Interestingly Sigl doesn’t see Infiniti’s competition as its Toyota and Honda equivalents – Lexus and Accura – despite all three brand’s Japanese heritages and luxury division similarities.
Instead Infiniti is aiming for the big guns – the three firmly established, European brands in the luxury and performance sectors.
“If you look at our competitors, basically we say let the three German brands fight over 90 per cent of the pie. But we want to have a fair share to fight over the remaining 10 per cent and that’s really the place we believe we can take,” explained Sigl, speaking to Gulf Business at the Abu Dhabi Grand Prix earlier this month.

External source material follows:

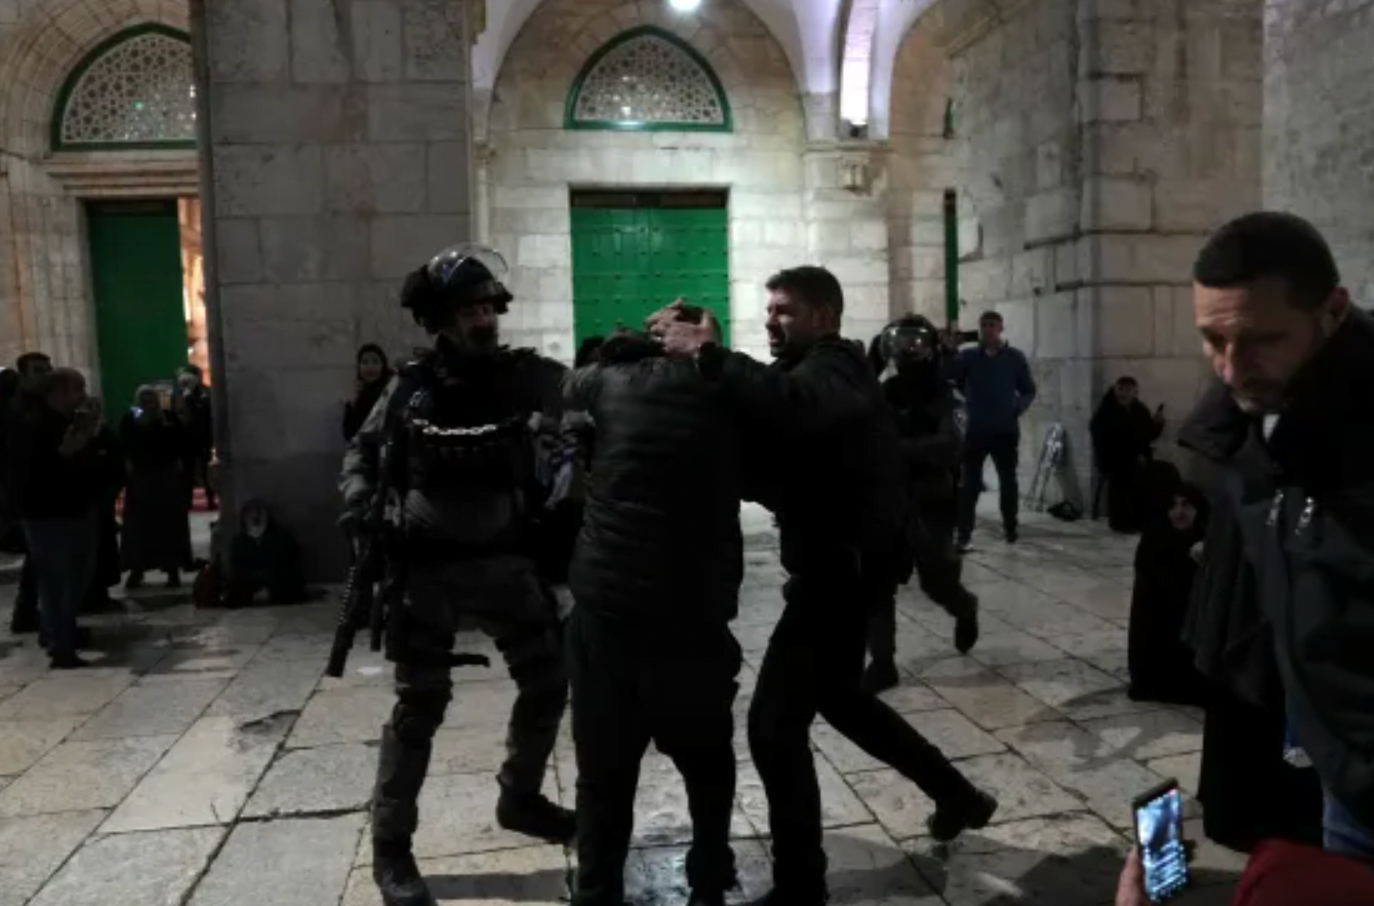 İsrail polisi sabaha karşı Ramazan namazı sırasında Mescid-i Aksa'yı baskın yaptı ve ses bombası attı.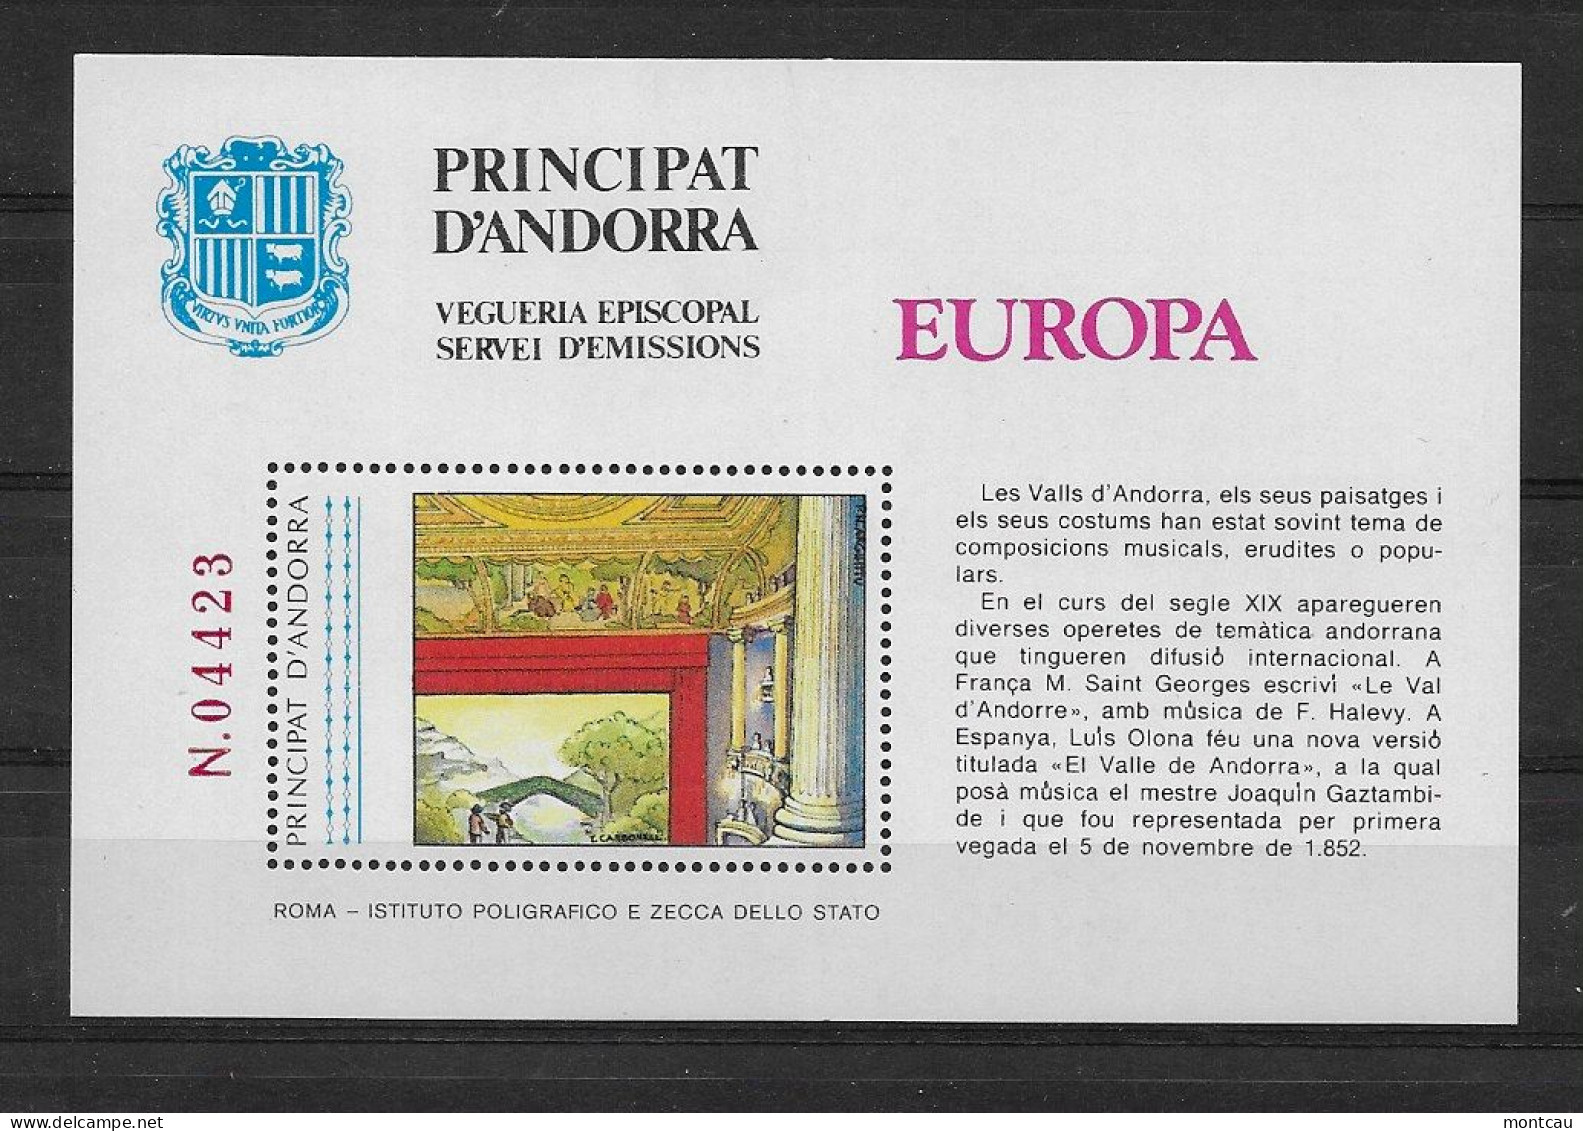 Andorra - 1985 - Vegueria Episcopal Europa - Episcopale Vignetten

Infiniti’s motto – “Inspired Performance” – features heavily on Red Bull’s Formula One cars and the racing suits of its drivers, including brand ambassador Sebastian Vettel who became a three-time World Champion in Brazil on Sunday. Vettel has also had a large hand in the design and performance of the brand’s latest model, the FX Vettel edition.
Despite being a recognised and successful brand in North America, Infiniti has struggled to impose itself in the European and Chinese markets and hopes its partnership with Red Bull will help to put it in a position to challenge the more established players.
“One of the issues when you’re an emerging luxury brand is base of awareness,” says Simon Sproule, vice president, head of global marketing and global motorsport for Nissan and Infiniti.
“So when people think luxury they tend to think of the three German guys [Audi, Mercedes and BMW] and then they remember ‘oh there’s that Japanese company owned by Toyota, and oh there’s another one isn’t there’.”
Speaking to Gulf Business, Sproule revealed the main rival to Red Bull for its sponsorship deal at the end of 2010 wasn’t another Formula One name but an English Premier League football team.
“We took the decision that we needed a global platform for Infiniti to build basic awareness and so we set about evaluating a number of different options.
“We very quickly whittled it down to a couple of sports that had global reach and had the awareness metrics that we were looking for, and that was soccer and Formula 1.
“In the end the decision to go with Formula 1 was clear. Red Bull were the best team for us; coming new into the sport, they were very different, they weren’t traditional and we started to package together a deal with them.”